Record set

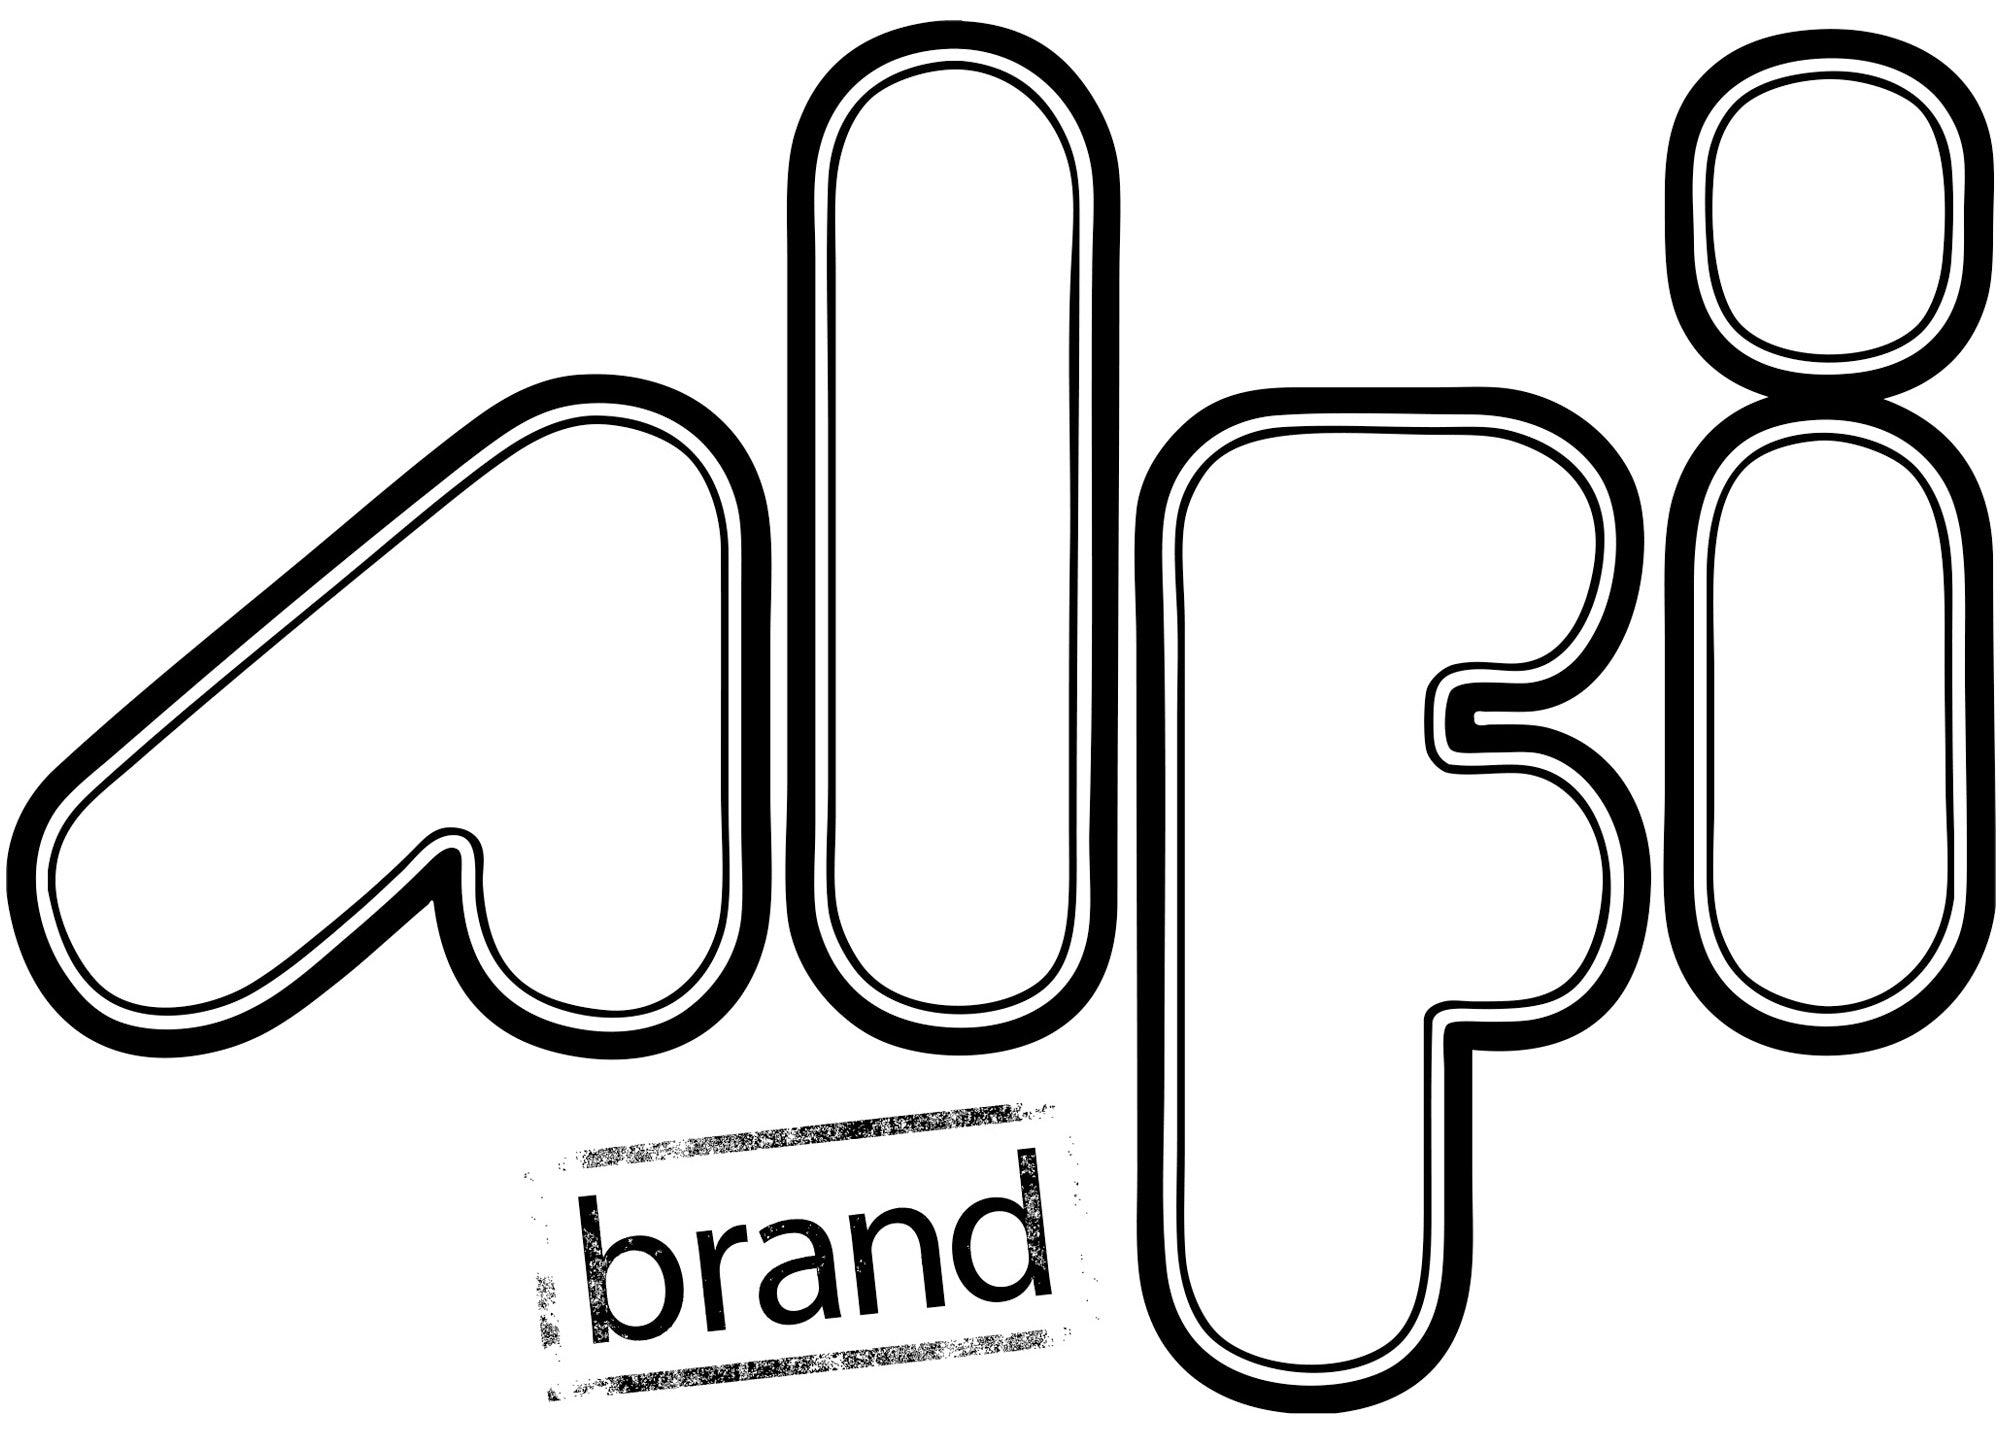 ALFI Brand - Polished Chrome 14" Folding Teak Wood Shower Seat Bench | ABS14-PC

==

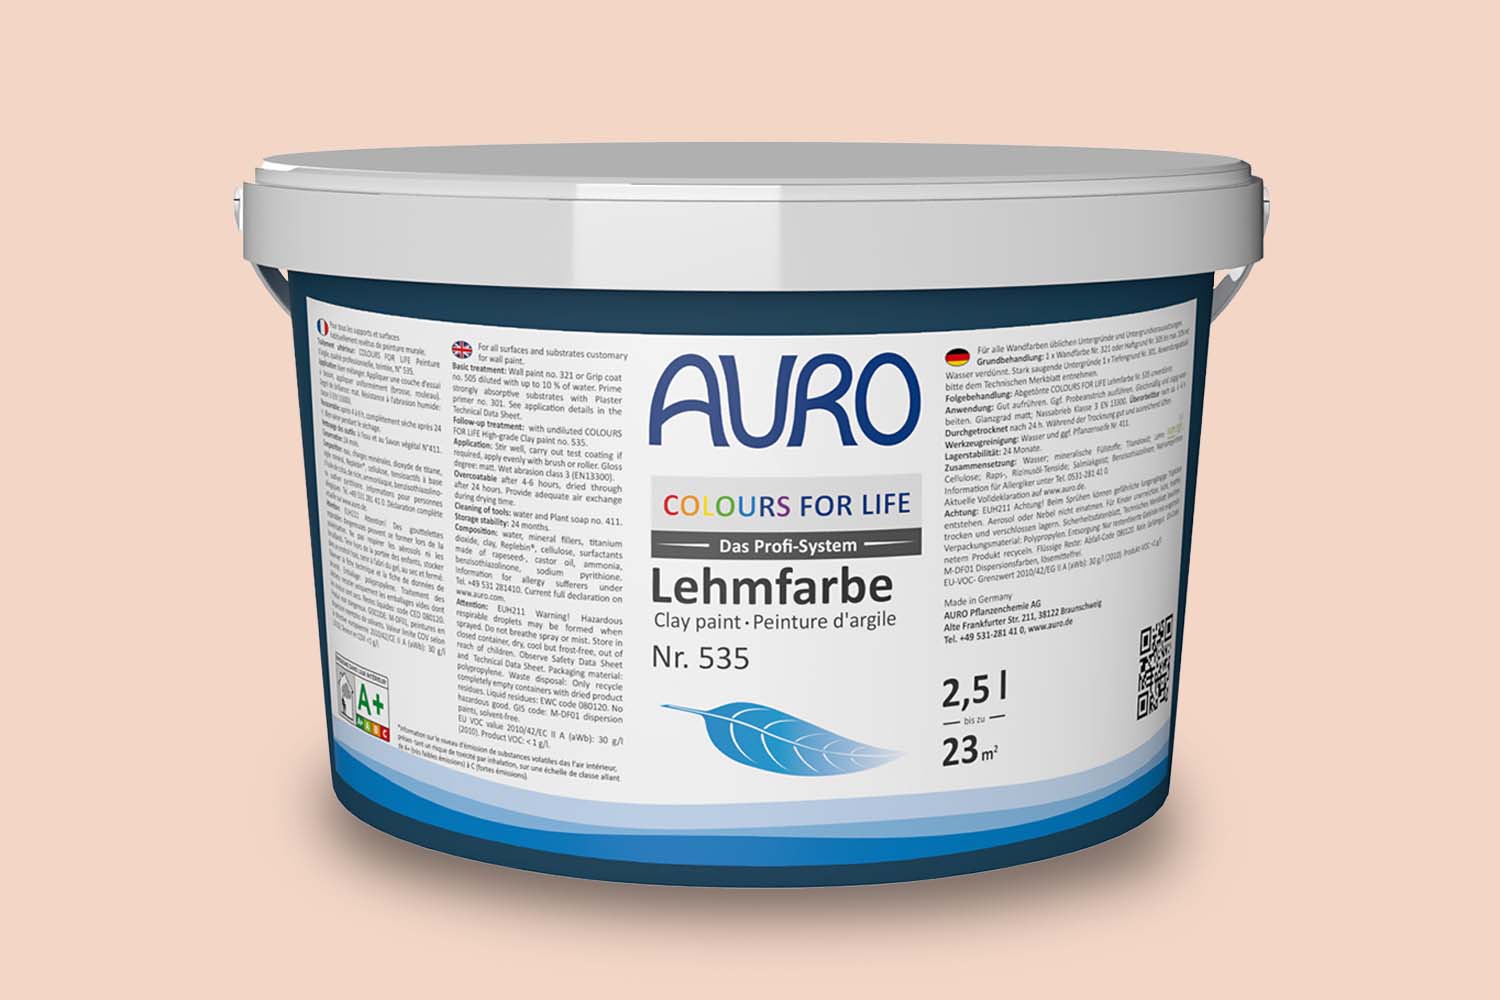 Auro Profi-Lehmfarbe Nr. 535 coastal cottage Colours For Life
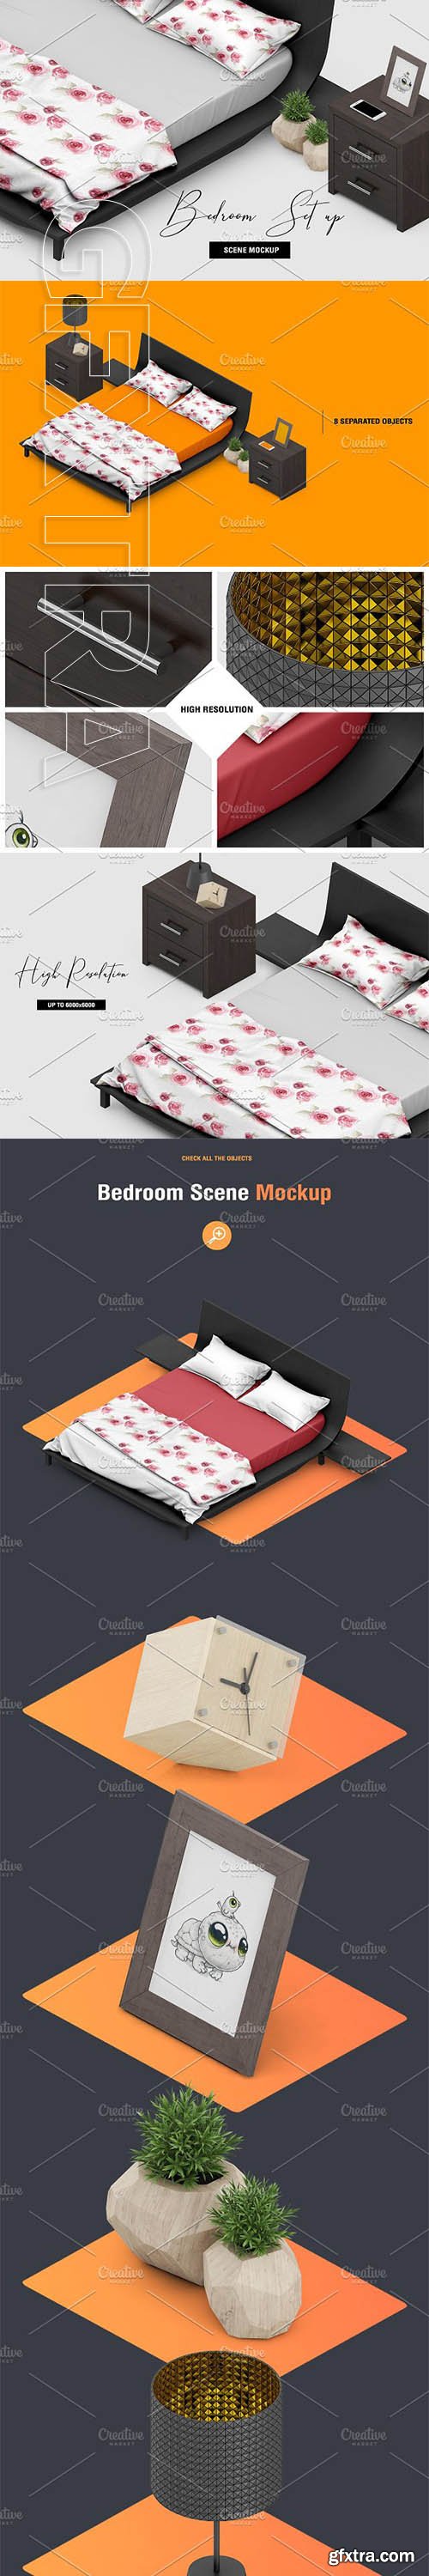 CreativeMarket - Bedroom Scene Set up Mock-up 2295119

Task statement
Reproduce, word for word, everything in the listing above from the line containing "Auro Profi-Lehmfarbe Nr." down to the line containing "CreativeMarket - Bedroom", both of them included. No pictures.

Result
 Auro Profi-Lehmfarbe Nr. 535 coastal cottage Colours For Life
 CreativeMarket - Bedroom Scene Set up Mock-up 2295119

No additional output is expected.